The construction of prediction models using machine learning algorithms is an important way to achieve the fast prediction of rocks’ UCS. The accuracy and reliability of this approach depend on two main aspects: the quality and quantity of data on the one hand, and the performance of the machine learning algorithm on the other. In terms of data quality and data quantity, the index system constructed in this study for predicting the UCS of rocks, considering petrographic and physical parameters, ensures the quality of the model’s input parameters. In terms of machine learning algorithms, this study adopted XGBoost, which is a representative ensemble learning algorithm with stronger generalization ability than individual machine learning algorithms. The SSA was used to optimize the hyperparameters, and the prediction performance of the model was further improved. The research conducted in this study can provide some reference for establishing a fast prediction method for rock UCS with universal applicability, but the dataset used for prediction model training, and validation only included granitic rocks, so there are some limitations.
Granitic rocks are crystalline rocks formed by magma cooling and crystallizing in the deep crust, which have significant differences from rocks of other origins in terms of petrographic, physical, and mechanical properties. Therefore, the prediction model constructed in this study only proved a good prediction effect for granitic rocks, and its applicability to other types of rocks needs to be further discussed and verified. In addition, for the UCS prediction model constructed using machine learning algorithms, in order to ensure its strong generalization ability and applicability, it is necessary not only to ensure that the predictor system is established scientifically and reasonably but also to have a sufficient database.
In future studies, we propose carrying out the quantitative analysis of petrographic parameters and strength prediction of another type of rocks: terrigenous clastic rocks. While verifying the validity of the UCS predictor system constructed in this study, the training dataset will be further expanded. Eventually, a UCS prediction model with a wide range of applicability and strong generalization ability will be developed, and the model will be validated and evaluated in engineering.

5. Conclusions

In order to establish an optimal model for reasonably predicting the UCS of rocks, a method based on feature optimization and SSA-XGBoost is proposed in this study. Relying on a granitic tunnel, the reliability of the UCS prediction method was verified. The superiority and applicability of this model were discussed, and the specific conclusions can be summarized as follows:
(1)
The method for predicting the UCS of rocks based on feature optimization and SSA-XGBoost mainly consists of four parts: UCS predictor system determination, feature selection, SSA-XGBoost model construction, and model evaluation. The rock UCS predictor system, considering petrographic and physical parameters, was determined based on the systematic discussion of the factors affecting the UCS of rocks, and a feature selection method combining the RReliefF algorithm and Pearson correlation coefficient was proposed.
(2)
This method was applied and validated in a granitic tunnel.

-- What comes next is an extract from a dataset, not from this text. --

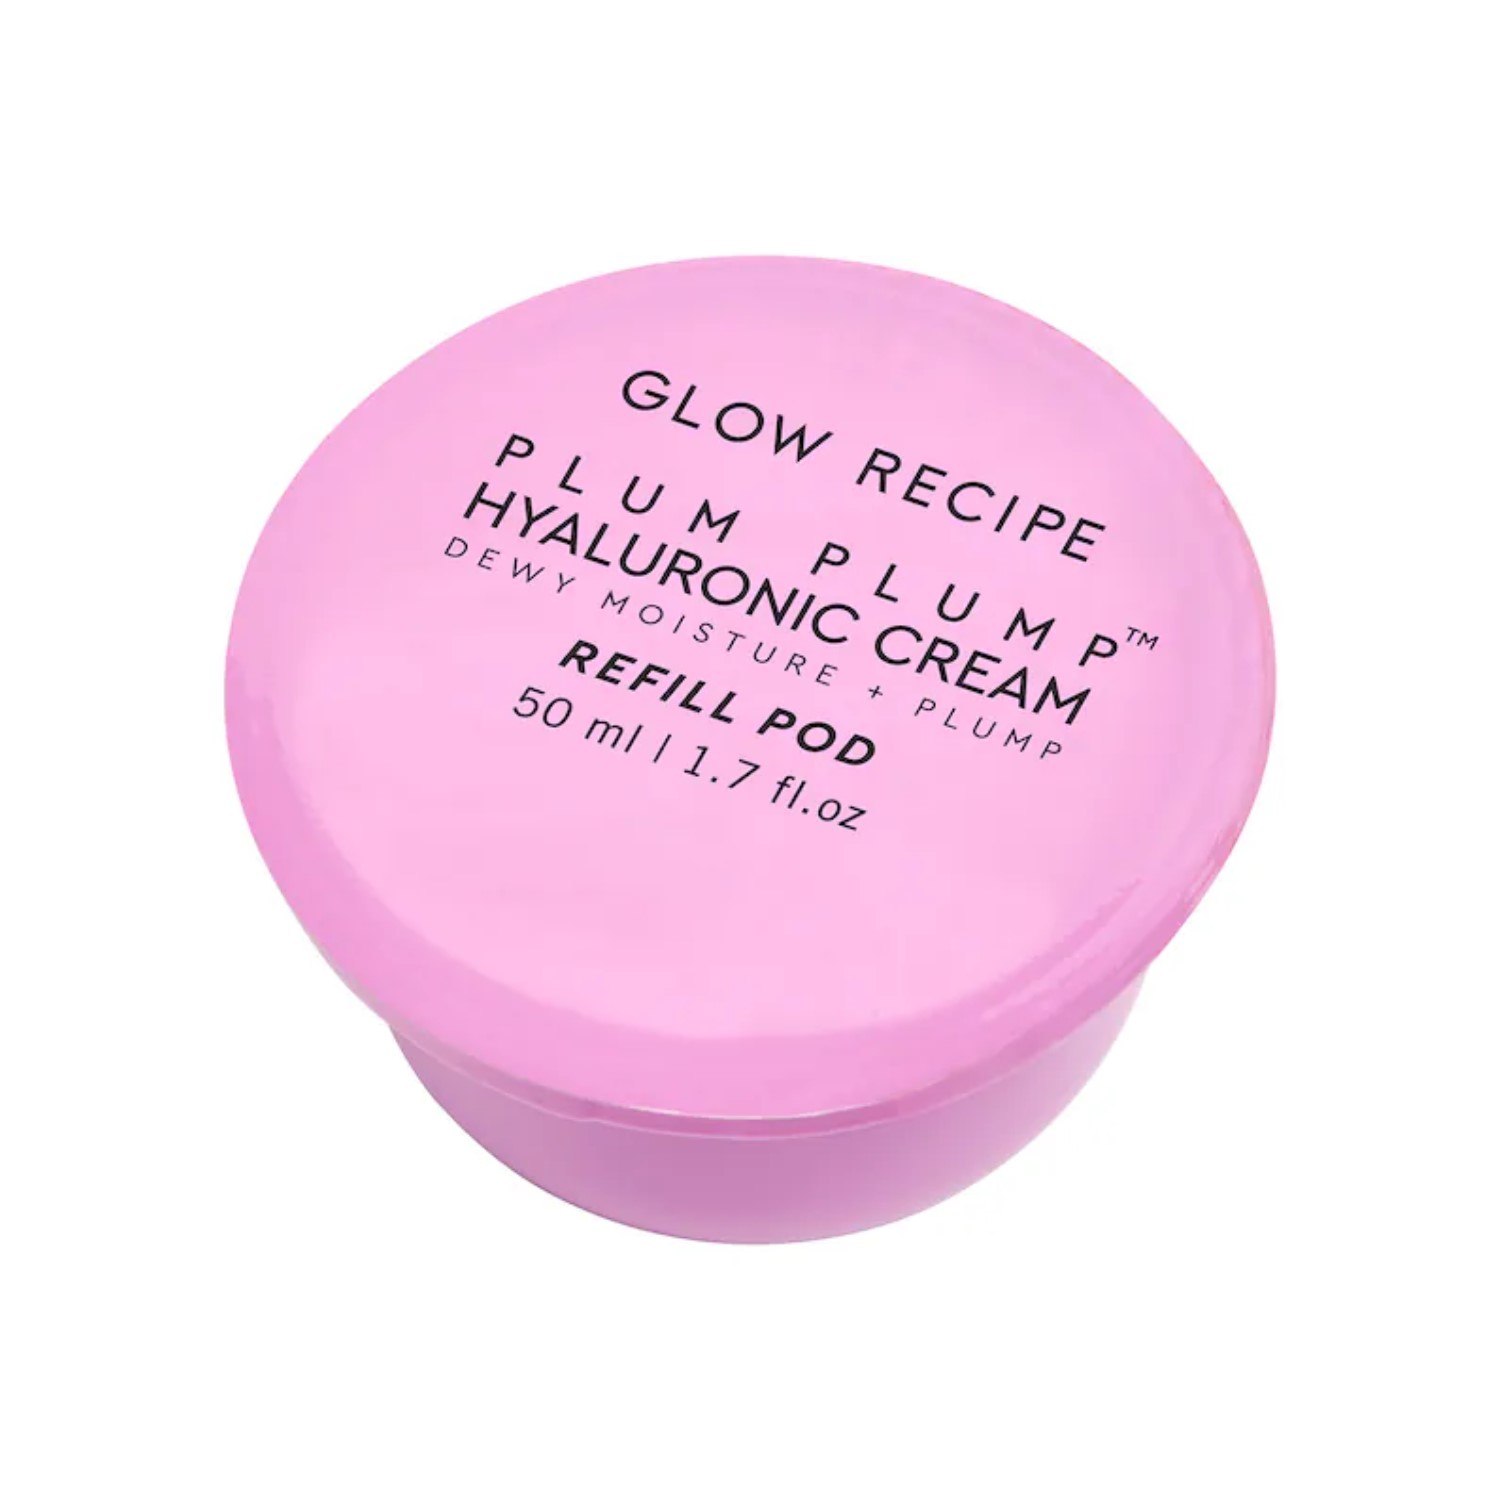 plum plump hyaluronic cream refill pod (refil de crema)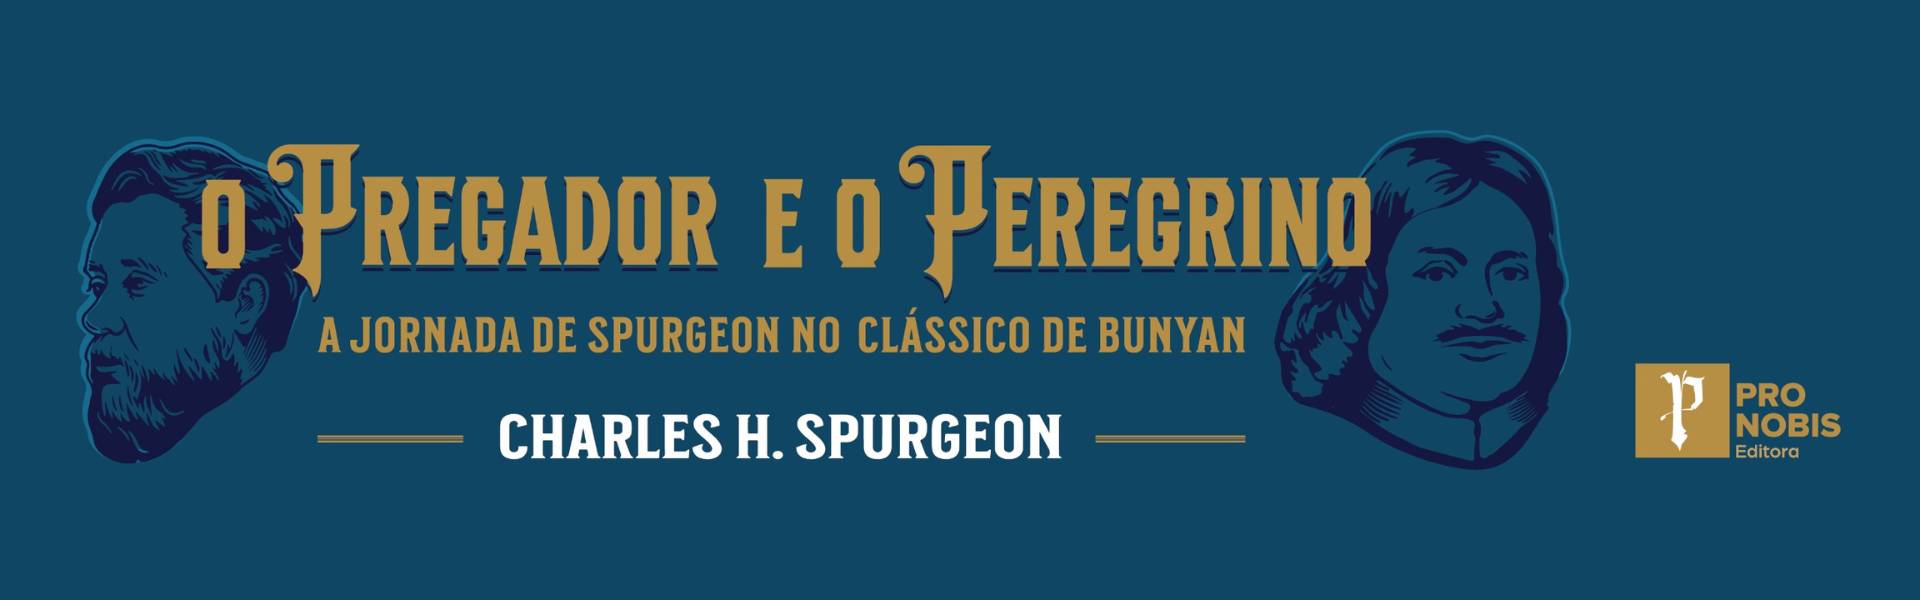 Banner Peregrino

The results show that the coefficient of determination of the UCS prediction model based on SSA-XGBoost is 0.939, the root-mean-square error is 1.01, and the mean absolute percentage error is 1.06%. The established UCS prediction model based on SSA-XGBoost can effectively predict the UCS of granitic rocks.
(3)
Compared with simply adopting petrographic or physical parameters as the input features of the model, the UCS predictor system considering petrographic and physical characteristics can effectively improve the generalization ability of the prediction model. The predictor system proposed in this study is reasonable and can provide some reference for establishing a universal method for accurately and quickly predicting the UCS of rocks.
(4)
Since the SSA-XGBoost rock UCS prediction model relied only on the granitic rock dataset for training and validation, its generalizability needs to be further verified. However, based on specific projects and datasets of rocks, engineers can effectively utilize this method to establish a rock UCS prediction model that is suitable for their project.

Author Contributions

H.X. conducted the literature review and drafted the initial manuscript. P.L. developed the overarching research goals and edited the draft of manuscript. J.K. analyzed and interpreted the results of the study. C.Z. collected the test data for this research. Y.D. contributed substantially to data analysis, manuscript revisions, and provided critical insights that shaped the final version of the paper. All authors have read and agreed to the published version of the manuscript.

Funding

This research was funded by the National Natural Science Foundation of China (Grant No.: 52022053; 52009073) and the Natural Science Foundation of Shandong Province (Grant No.: ZR2023YQ049).

Institutional Review Board Statement

Not applicable.

Informed Consent Statement

Not applicable.

Data Availability Statement

The original contributions presented in the study are included in the article, further inquiries can be directed to the corresponding authors.

Conflicts of Interest

The authors declare no conflicts of interest.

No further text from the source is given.